I made these with an integrated top/bottom finial so my blank was 6-8 inches long. Make sure your four pieces are square and the same size, glued up mine were 1 9/16” square. I only glued them on about 1/2” on each end.

Heres the picture of my notes. I'll explain the steps with some pictures.





First, you need to preserve the square ends on both sides so you have something to glue back together after flipping the pieces. Start by rounding about 2" of the blank in the center. You can shift that off center depending on the length you want for a top/ bottom finial. BTW, the trunk of the tree is on the headstock side. Only rough it until it is just barely round. If you cut too much, you will end up with a very wide trunk.





Next mark three lines at about 1/2" intervals.





Using a parting tool, cut to the diameters listed in my notes. From left to right, 1 1/16”, 1 5/32", 1 1/4".





Continued in next post.


----------



## trc65 (Jan 12, 2022)

At this point, be careful with your cuts, everything you remove will show in the outline after flipping pieces.

Now, remove the material as shown in the next picture. Try to keep the cut as straight as possible, and try not to change the diameter of the points.





When flipped, it should look like this.





Notice that this tree has a trunk as I rounded the section to the left of the first cut. If you don't want a trunk, your cuts should look like the next picture where the blank is still flat to the left of the first cut with the parting tool. 

I should also mention that you need to sand and finish before you flip and reglue the pieces.









At this point in time, after flipping and glueing the blank back together, it's time to start shaping the ornament.
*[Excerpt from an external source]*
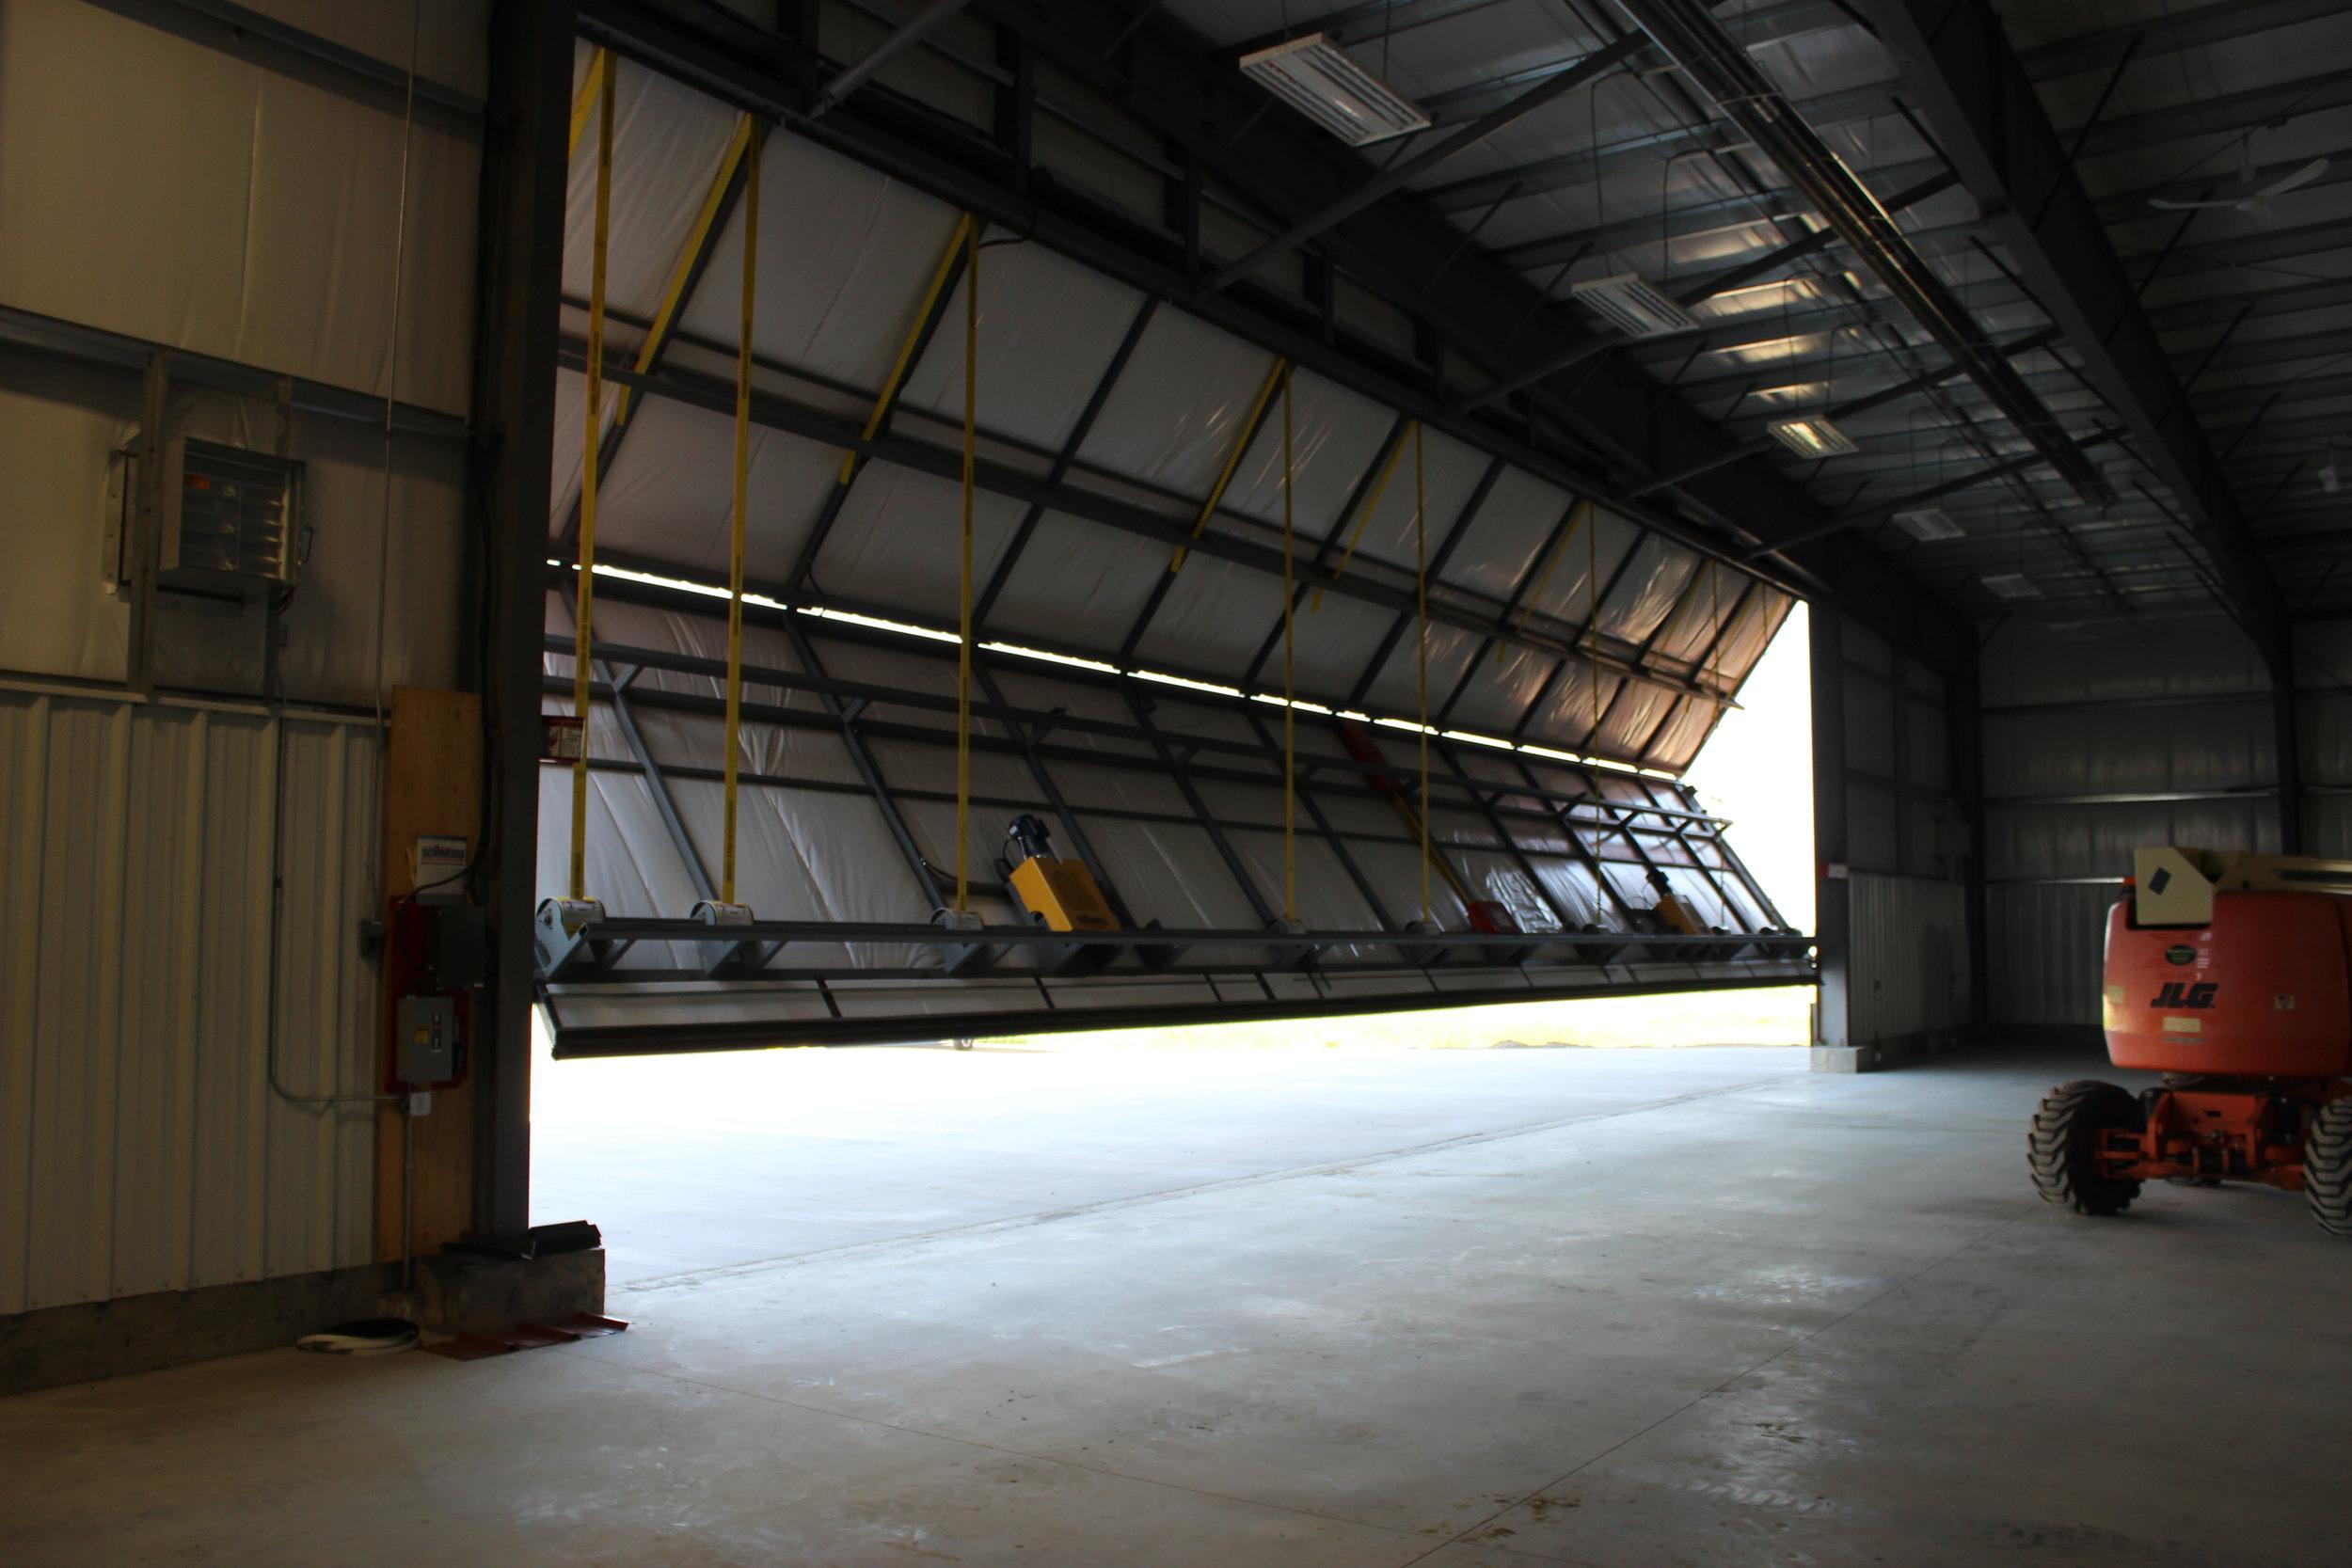 Sarasota Hanger  Located at Villeneuve AB.  An Aricraft Hanger.

Speed is your friend so crank it up. Stop frequently and check thickness, and especially check on both sides of the tree to make sure you don't cut through. 

When you are all done, you will hopefully have something like this.





Practice is your friend on this type of ornament, so don't use your best pieces of wood on your first try. Cut up something cheap to practice on, because you will make mistakes. I'd also recommend taking notes and pictures along the way so you can reproduce nice designs. I still keep a model of this ornament that I never glued back together for final turning to help me visualize the process.

I know there is something I'm leaving out, while typing this second post there was info I wanted to go back and add to the first post, but can't remember what......

Reactions: Like 1 | Great Post 1 | Way Cool 5 | Informative 5


----------



## William Tanner (Jan 12, 2022)

Thanks Tim. I’ll keep this.

Reactions: Like 1


----------



## Tony (Jan 13, 2022)

Thanks Tim!

Reactions: Like 1


----------



## DLJeffs (Jan 13, 2022)

Very innovative and creative. Kind of like when an artist uses shadows to create light and depth.

Reactions: Thank You! 1


----------



## Barb (Jan 16, 2022)

Very nice!

Reactions: Thank You! 1


----------